Abramovic claims that performance art edges on theater, but that it is real rather than pretend. Here's a post-show interview that is kind of interesting. I'm all for it really, despite the fact that I have rarely if ever seen performance art in person. There's an excitement to it; towards it's bold and courageous display in front of audiences who may or may not even understand what is taking place. People probably have trouble with interpreting lots of art, visual, audible, or performance, but that's not the point. I'm eluding to this renewed push for relational art, where experience is the conveyance of meaning, not objectification in a white walled space. Either way is a perfectly fine way of expressing yourself, but there's a growing trend here that I feel compelled to address, and one that ties to many things going on around me.
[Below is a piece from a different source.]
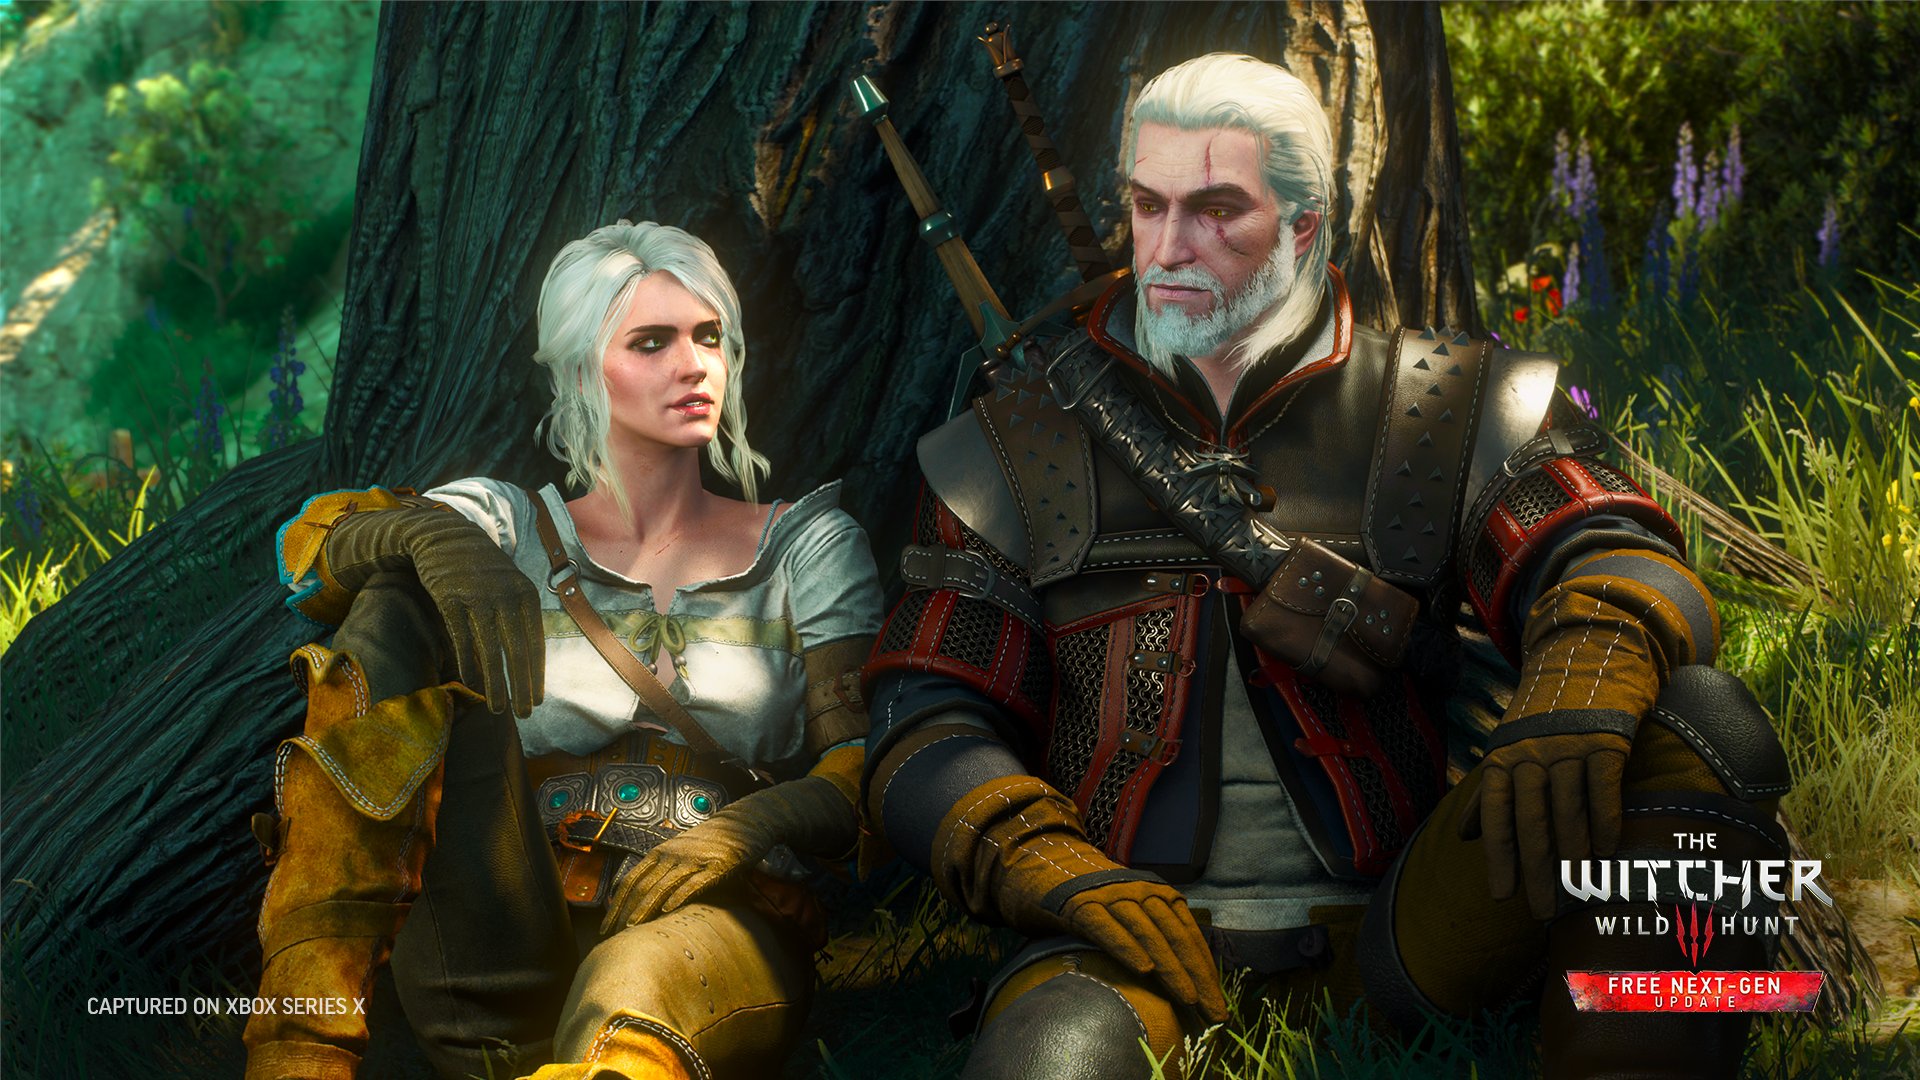 The Witcher 3 Geralt and Ciri

Art and life is curiously redirecting culture towards limited edition commercial object making (much of traditional art making, ie. prints, paintings, sculptures, etc.) versus the visual and audio culture that we readily consume becoming more and more ubiquitous and available in infinite reproductions on the web. Curiously I see it tying into the financial meltdown, art pricing, and the new wave of young artists finding their way out of school into the marketplace. What I've seen in Kansas City is a young push to capitalize on commodity, to make a screen printing business in basements, or to create objects gallery ready and with that certain glossy presentation that says too clearly that they are completely comfortable with art objects as collector fodder. It seems that art and consumer culture are vying to become one, and it's apparent as well in Hirst's huge self-purposed auction or in Murakami's hand bags. Art is simply business, and ideas can sometimes be subverted in the name of the sellable.
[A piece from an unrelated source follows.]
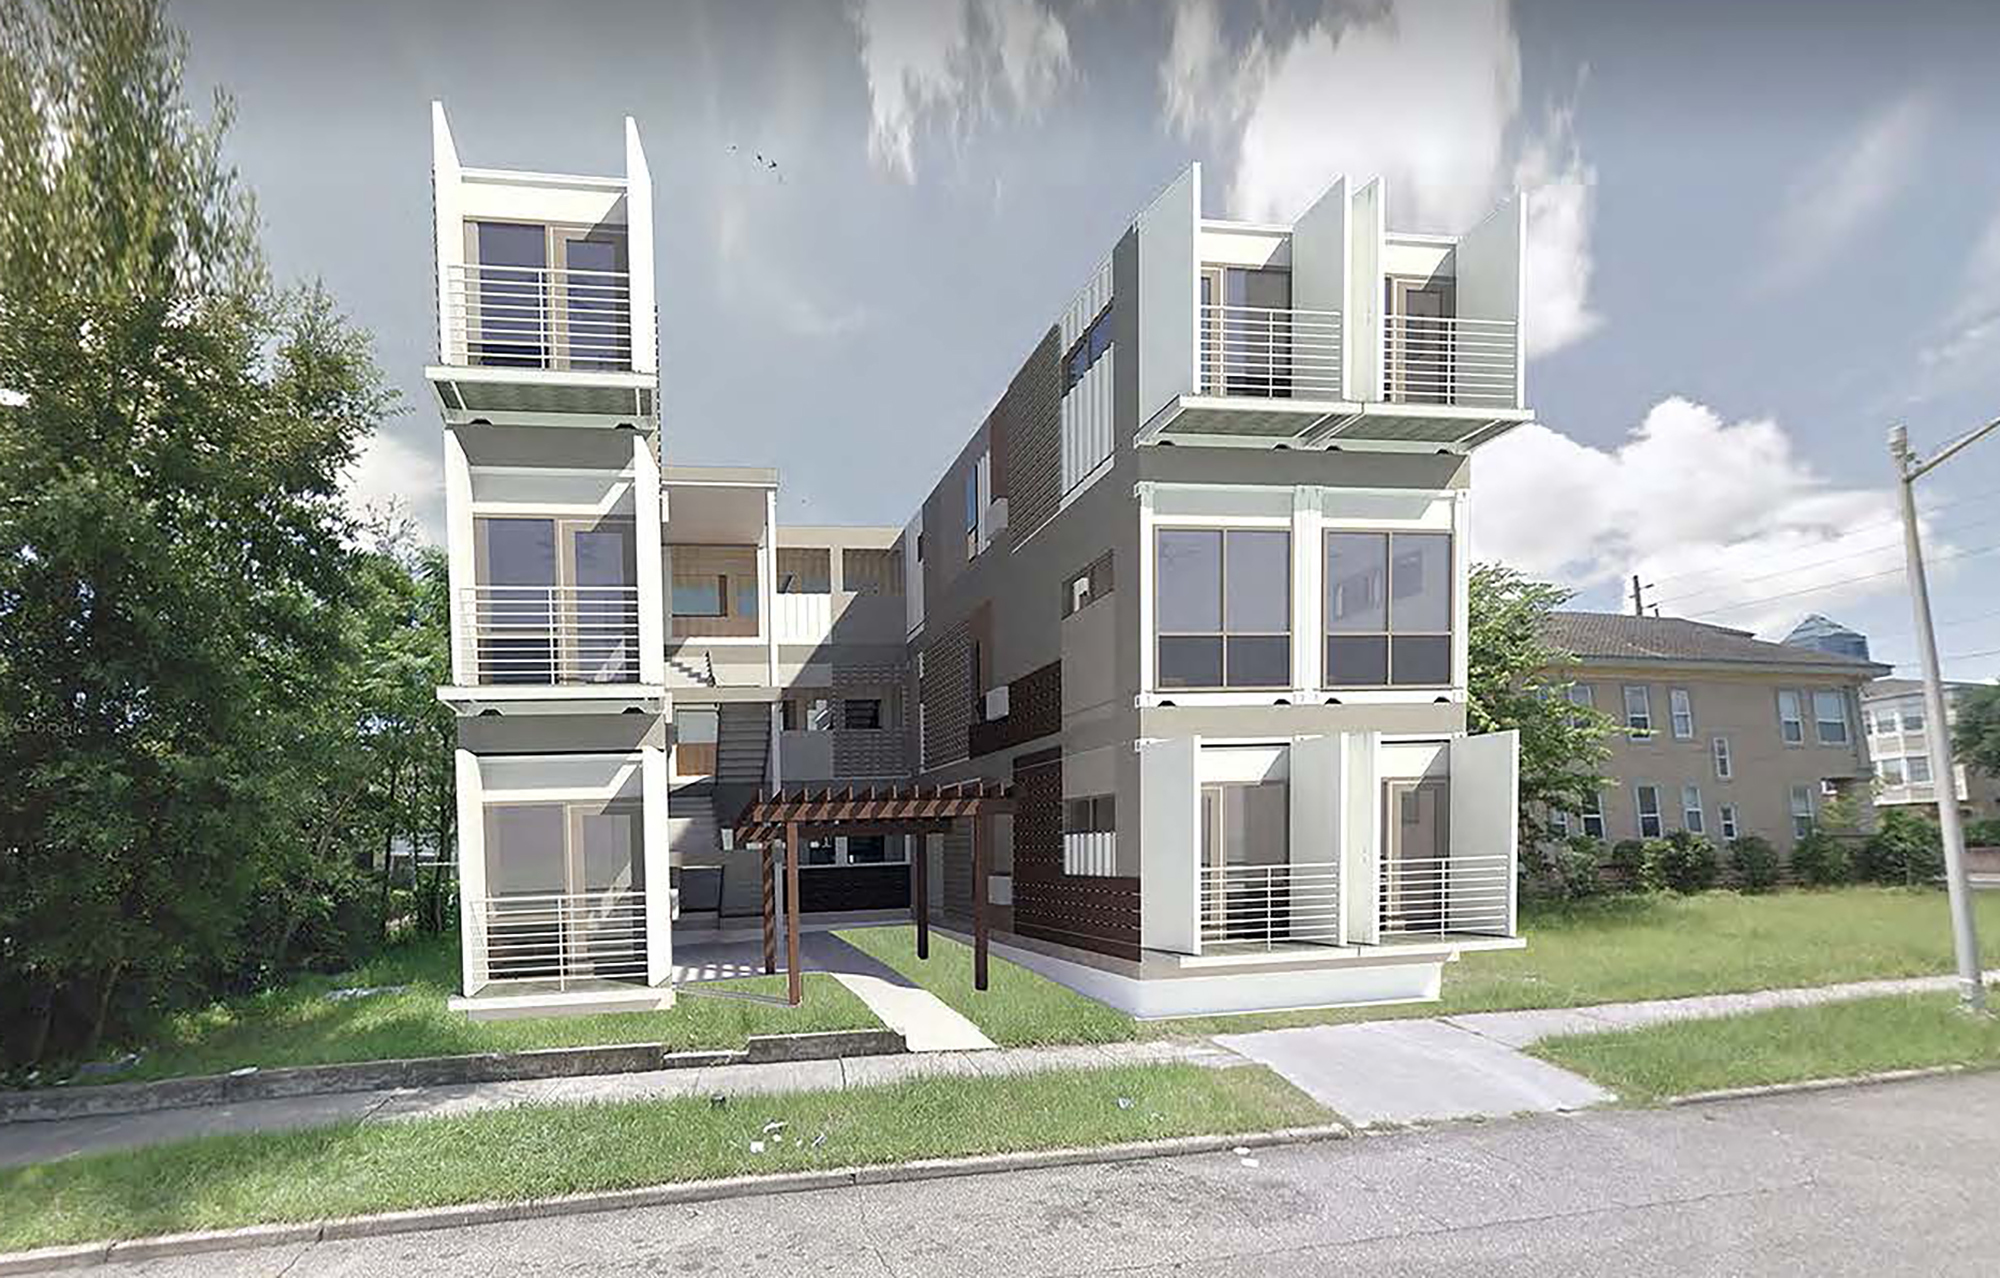 An artist’s rendering of the shipping container project planned at 412 E. Ashley St. in the Cathedral District.

I saw an article from The Telegraph today about an upstart book-on-vinyl production operation. It seemed like a gimmick at best, but note the printed fine art object combined with the irrelevant collector technology. How many times can one listen to an audiobook anyway? When it was done in the past, there weren't cassettes or libraries full of CD's that you can borrow once and return. This is what they claim is the purpose of this,
The Underwood discs, scheduled to appear twice a year, represents part of the growing resistance to the dematerialisation of art. By emphasising tactility, scarcity (each issue is limited to 1,000 copies) and physical beauty, it offers something that can’t be digitally replicated.
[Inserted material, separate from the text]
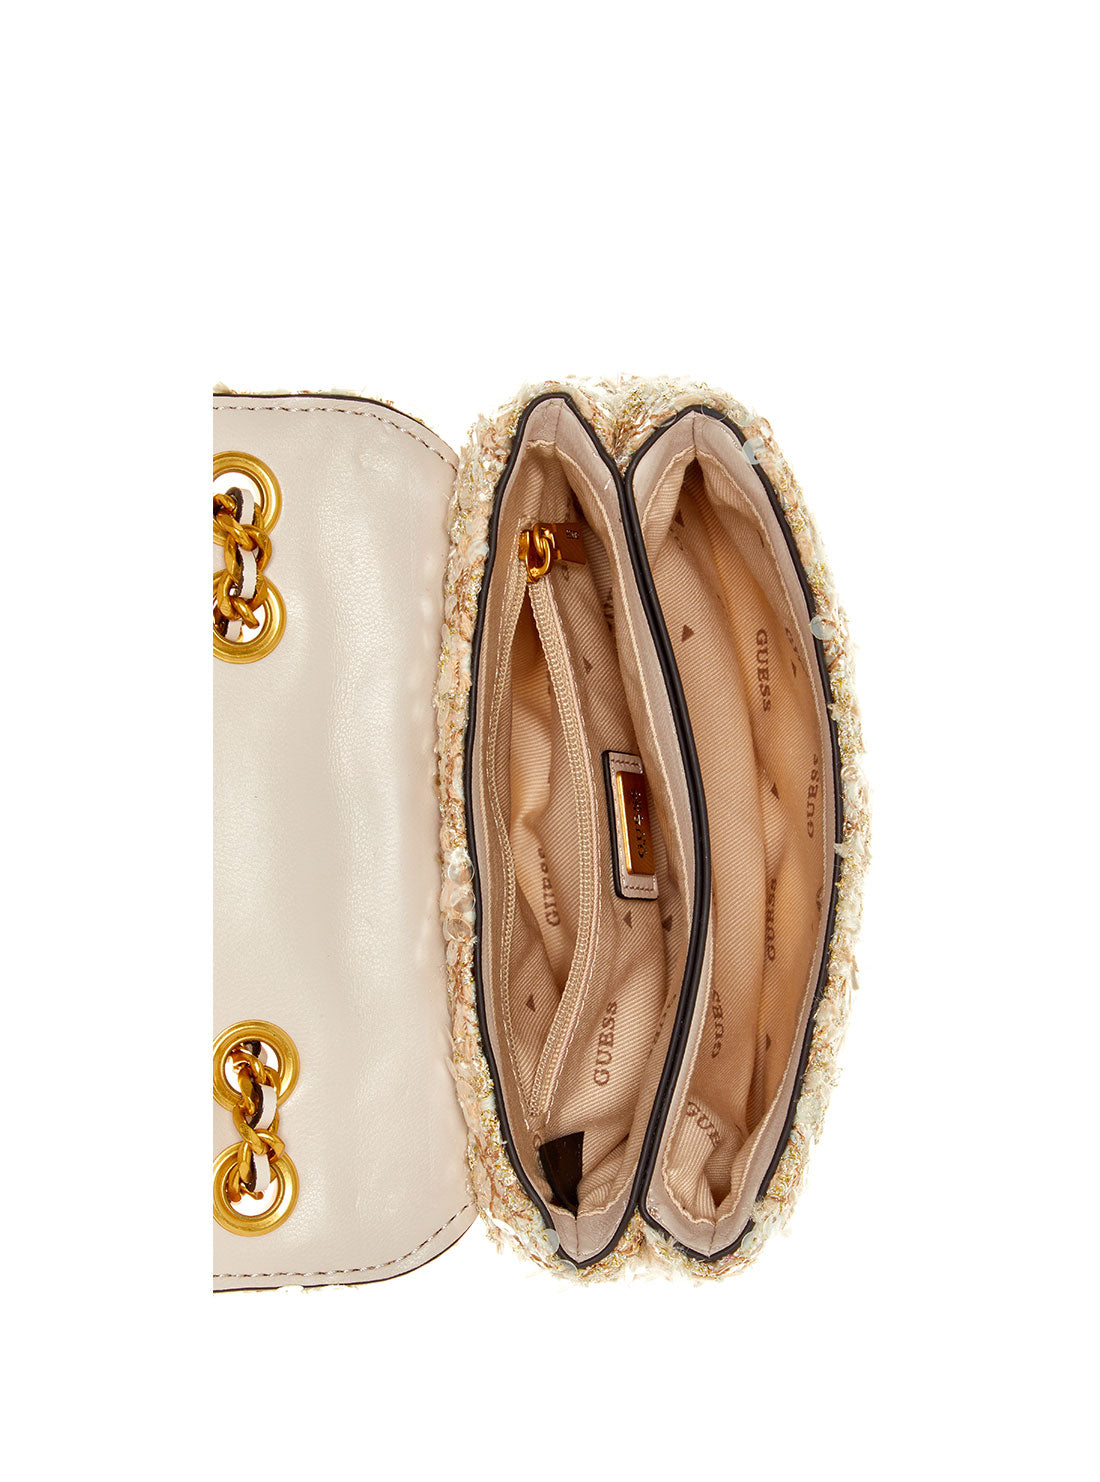 GUESS Gold Giully Mini Crossbody Bag inside view

Is there truly a "resistance to the dematerialisation of art"? With all innovation there is resistance to some degree. What is the value of continuing to make art objects? Lately I was in a gallery opening and people seemed equally invested in the experience of drinking free beer as much as they were in the art-gazing. What about the value of said objects? When the economy is down, and people can't buy art, should producers of art alter their approach to fit the economic realities? This I haven't seen, and its obviously represented by the multi-thousands-of-dollars that a young person's paintings are marked at here in Kansas City. Artists were taught in recent years a pricing model that isn't relevant anymore in the wake of the financial collapse. People aren't buying art, so should we still be pursuing the showing practice of white walled high-priced art displays? I'm not saying everyone should be producing limited edition stereographs of urban eccentric naked young people (if you want to pursue that idea, you can have it!), but what are we in the art game for? There are angles to pursue to make money, and there are ideas to demonstrate through our actions as artists whatever our practice, and when we go one way in an effort to demonstrate the other, these confused efforts only result in art that doesn't say what it intends, and thus isn't as valuable as something made for more commercial reasons. Is this making any sense?

So I guess where I come to is a place where making food as art has potential to satisfy all parts of the issues that I have addressed. I can offer an experience through eating, something that to me is the most relevant and ubiquitous of all experiences besides death and sex. And if I like I can commodify this approach, but neither arm of this will interfere with the other, I hope.

As for the overpriced art being pumped out across the globe, I hope that part of the education system that guided these artists into the art world has prepared them for the reality of having to fight to survive in a system that pays less and less and supports less of the most valuable expressions being made today.